현재 가지고 있는 instance들 중, bad class를 갖는 instance들이 실제 학습 데이터가 아닌 다른 데이터를 통해 작성된 것일 경우, 현재 데이터를 기준으로는 정상 데이터이므로 학습에 많은 장애를 발생시킨다. 따라서, 실제 학습 데이터에 근거하여 도출된 label을 가지고 있는 데이터들만을 사용해야 올바른 학습을 시킬 수 있다. 그러나, 현재 가지고 있는 정보만으로는 어떠한 것이 정상 데이터인지 알 수 없어 이를 임의로 추정하는 알고리즘이 필요하다. 따라서, 본 발명에서는 소정의 구분기준을 만족하는 학습 데이터는 good class로, 나머지 데이터는 bad glass로 labeling하고(이때, 상기 구분기준은 상기 구분기준에 의해 good class로 분류된 데이터가 모두 정상임을 보장할 수 있어야 함), good class로 labeling된 데이터와 bad class로 labeling되어 있는 데이터간의 유사도를 측정해 유사도가 높을 경우에는 noise 데이터로 간주하여 제거하는 방법을 제시한다.Among the instances that are currently held, instances with bad classes are created through data other than the actual learning data, which causes many obstacles to learning because it is normal data based on the current data. Therefore, only the data having the label derived based on the actual learning data can be used for correct learning. However, it is impossible to know what is the normal data based on the current information alone, and an algorithm for randomly estimating it is needed. Therefore, in the present invention, the learning data satisfying a predetermined classification criterion is labeled as a good class and the remaining data is labeled as a bad glass (the classification criterion is that the data classified as a good class by the classification criterion are all normal , It is suggested to measure the similarity between the data labeled with good class and the data labeled with bad class and regard it as noise data if the similarity is high.

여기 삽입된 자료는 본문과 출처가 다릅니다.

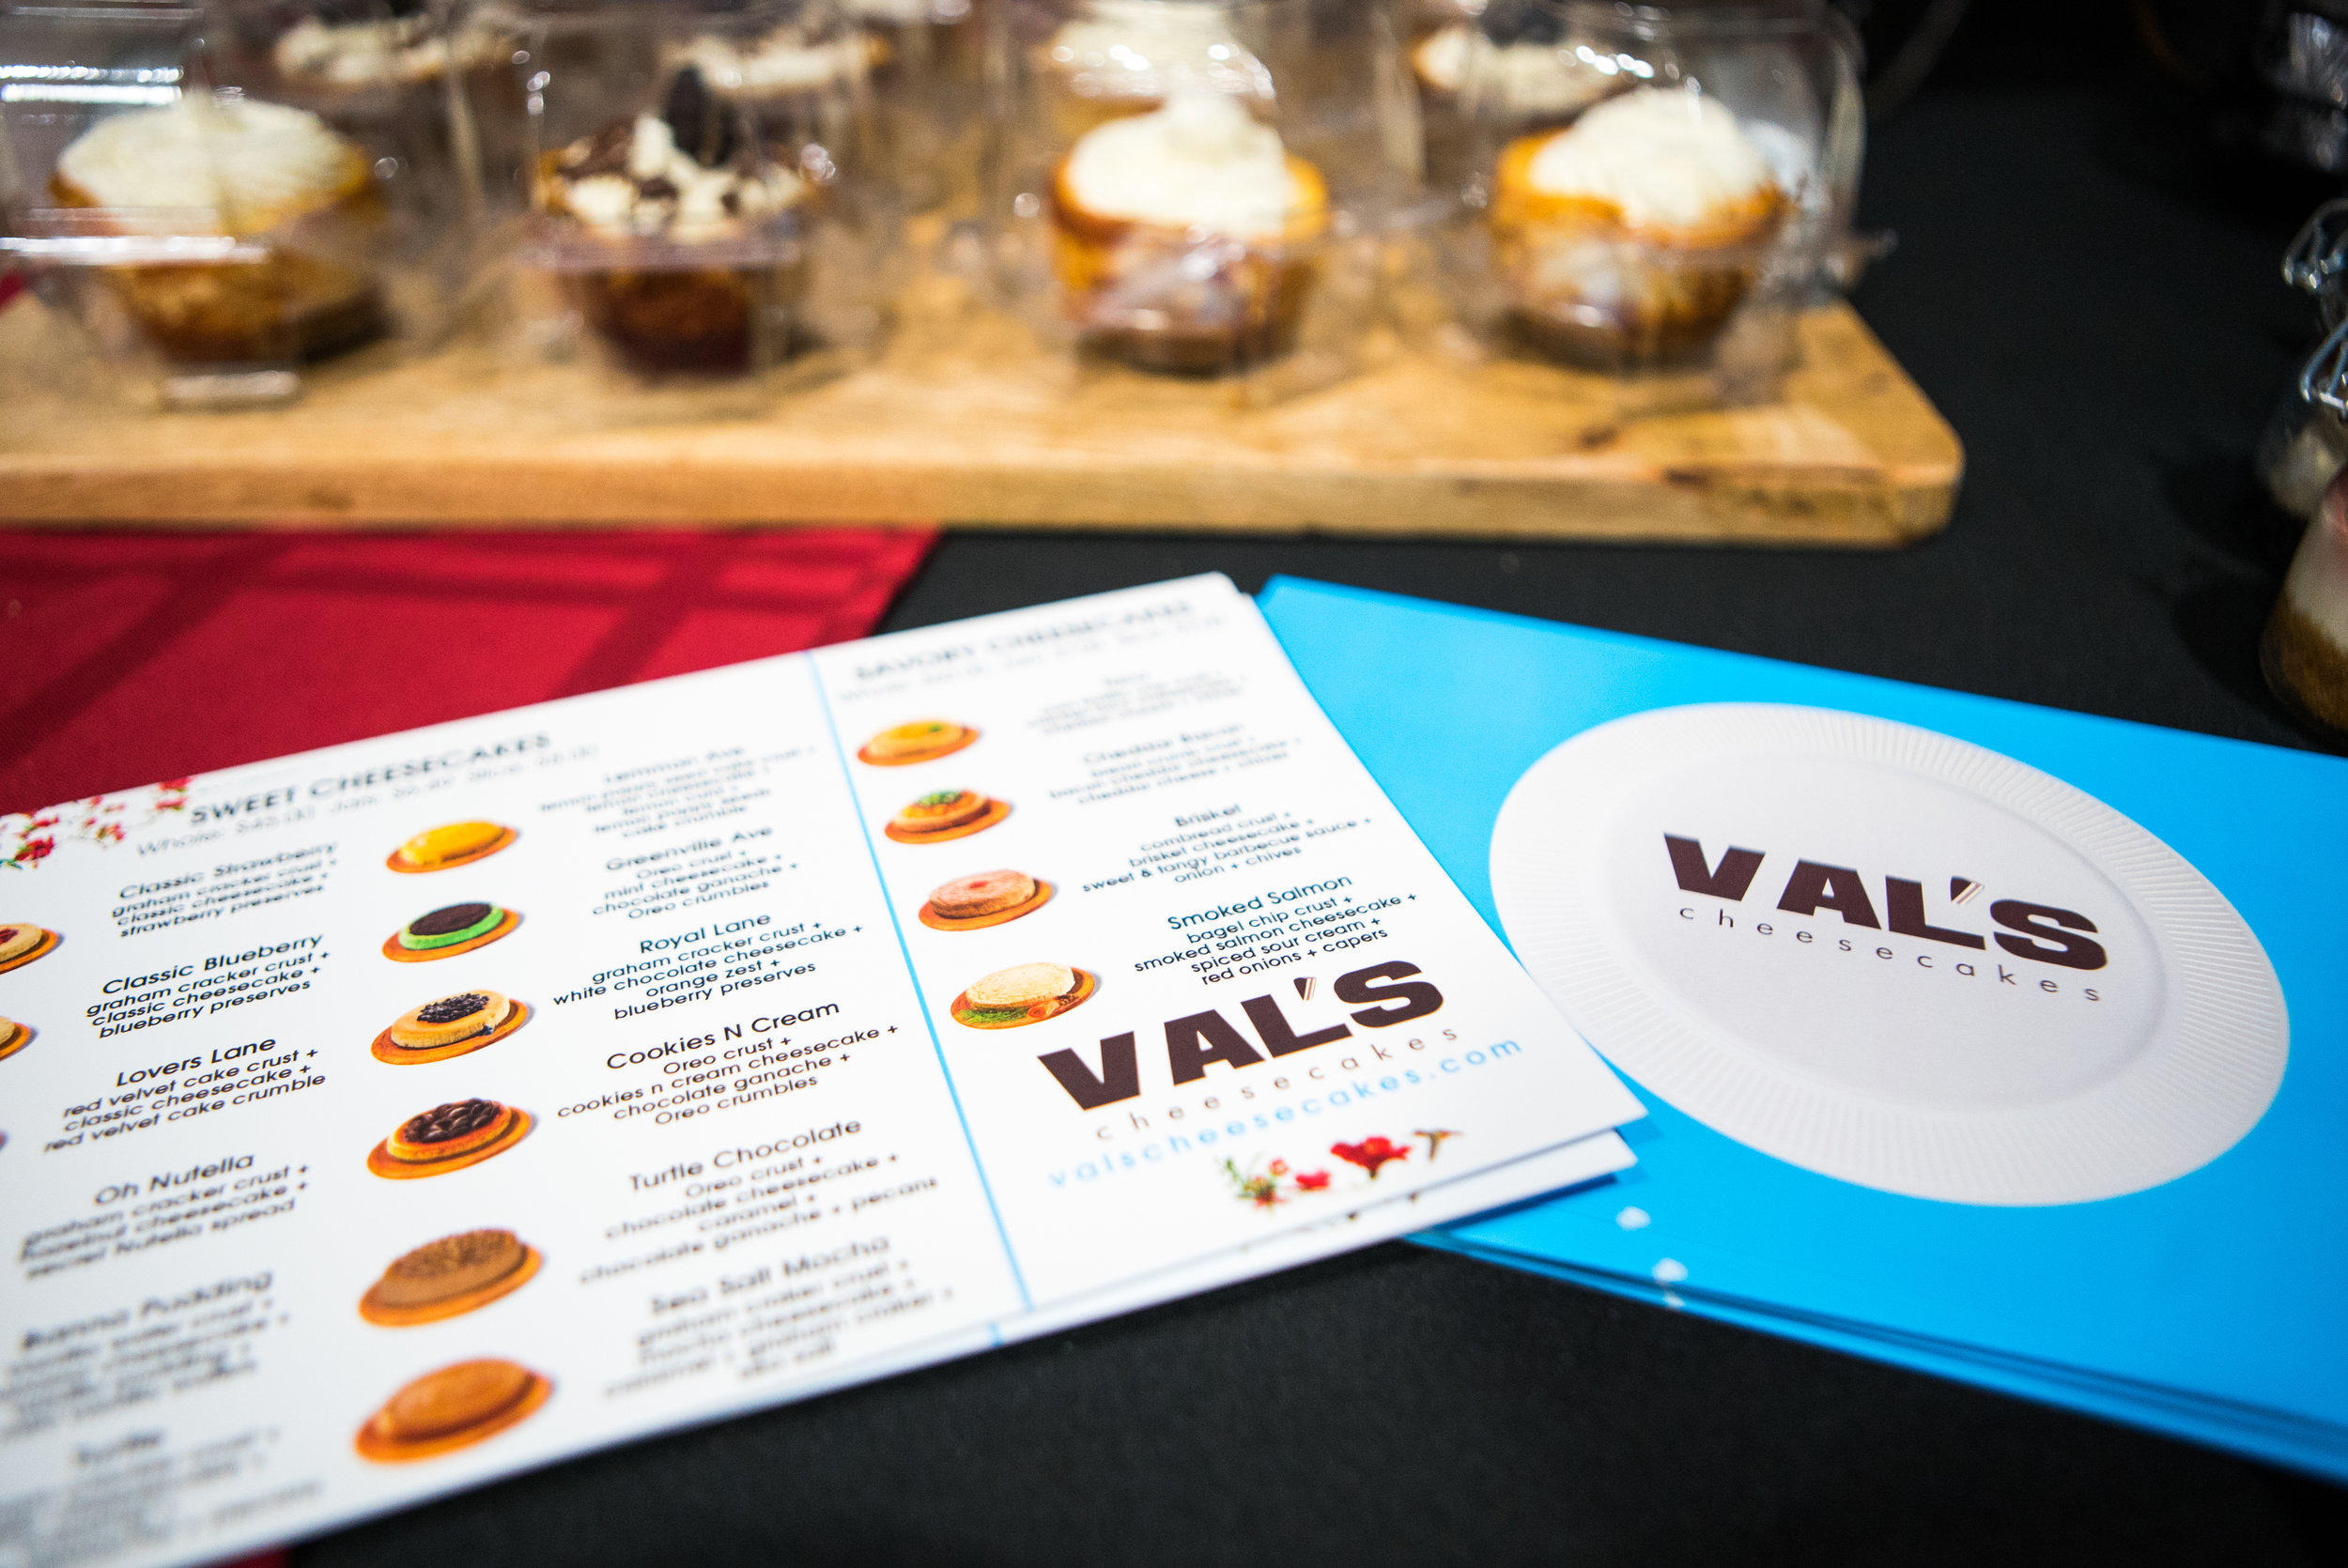 Vals Cheesecakes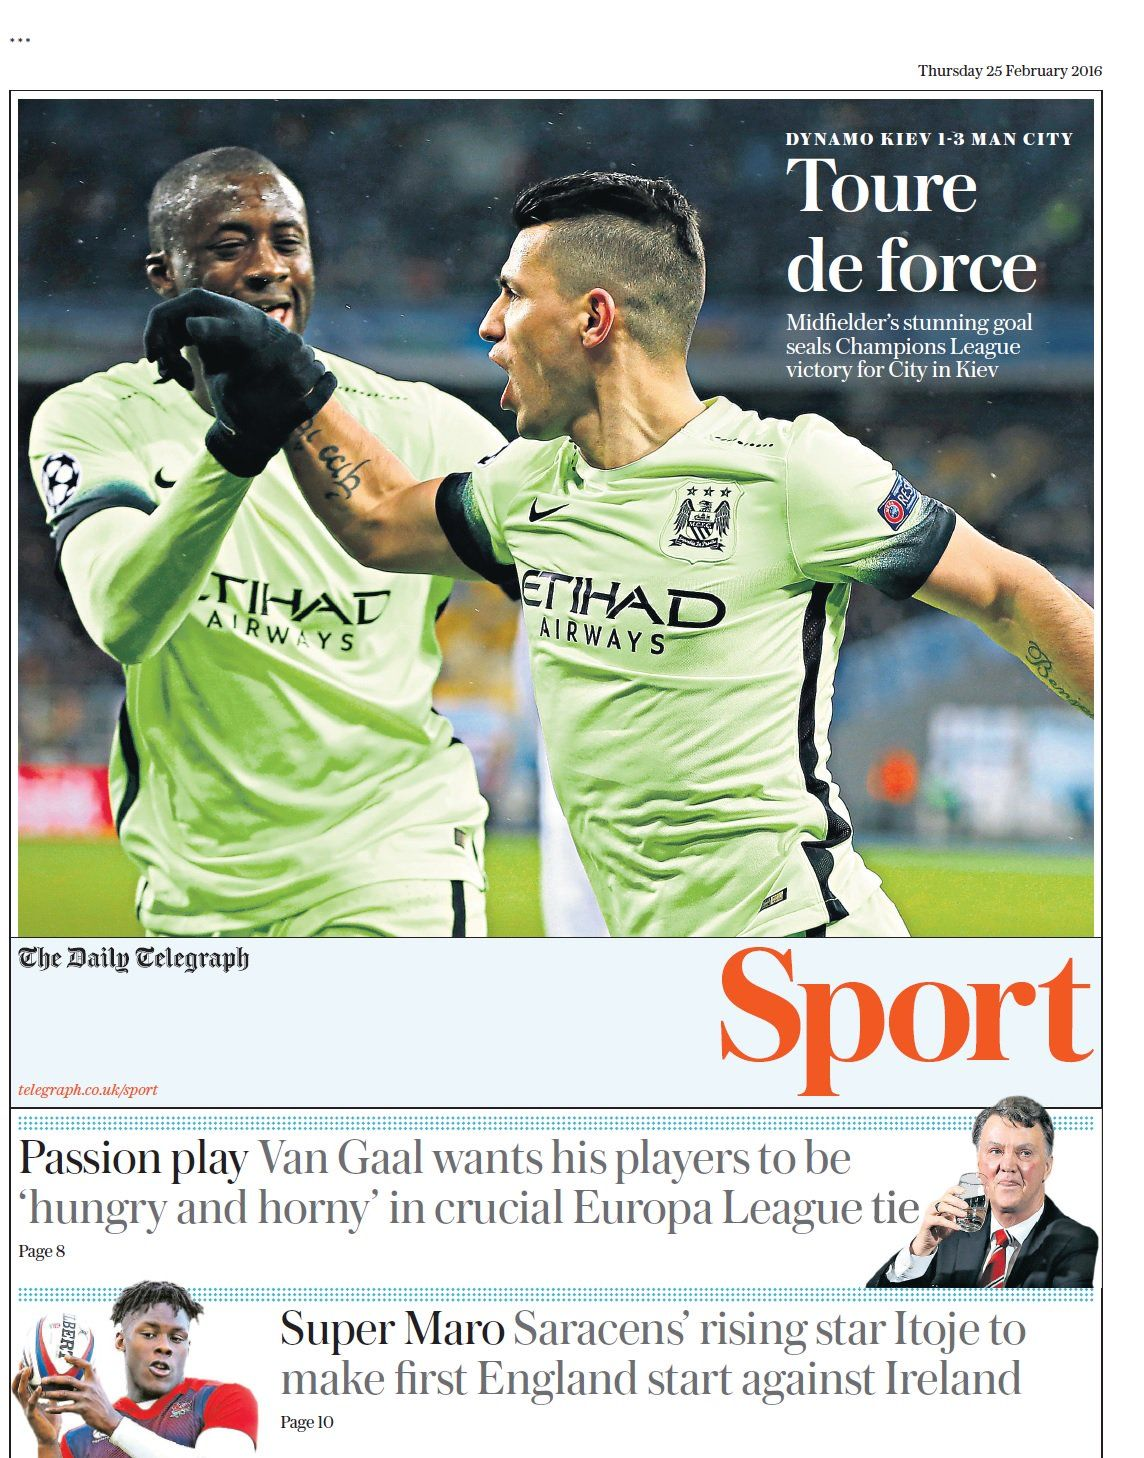 Thursday's Telegraph Sport: Toure de force #tomorrowspaperstoday #bbcpapers https://t.co/6jVq4ZqtsF

알고리즘 6. k-NN을 이용한 noise data 제거Algorithm 6. Remove noise data using k-NN 소정의 구분기준을 만족하는 instance의 label을 0, 나머지를 1로 분리.
Label이 0인 instance들과 1인 instance의 distance를 구한다.

,

: label이 0인

번째 instance,

: label이 1인 instance,

번째 feature값

The label of the instance that satisfies a predetermined division criterion is divided into 0 and the rest is divided into 1.
Obtain the instances of Label 0 and the distance of instance 1.

,

: label is 0

Th instance,

: instance with label 1,

Th feature value

2.3.4 Random Forest를 이용한 noise data 제거2.3.4 Removing noise data using Random Forest

기존에 알려져 있는 Random Forest 알고리즘을 이용해 도출된 Feature importance가 높은 feature들만을 추출하여 실험에 사용하는 방법을 제안한다. 이때, Random Forest 내부에서 random하게 data를 선택하는 부분이 있어 실험 결과의 variance가 높은 것을 보완하기 위하여, 동일 데이터를 이용해 여러 번 feature importance를 추출한 뒤, Top 10에 들어오는 feature들만을 병합하여 최종 feature로 사용한다.In this paper, we propose a method to extract features with high feature importance derived by using the previously known Random Forest algorithm. At this time, in order to compensate the variance of the experiment result, there are parts to randomly select the data in the Random Forest. After extracting the feature importance several times using the same data, only the features coming in the Top 10 are merged, use.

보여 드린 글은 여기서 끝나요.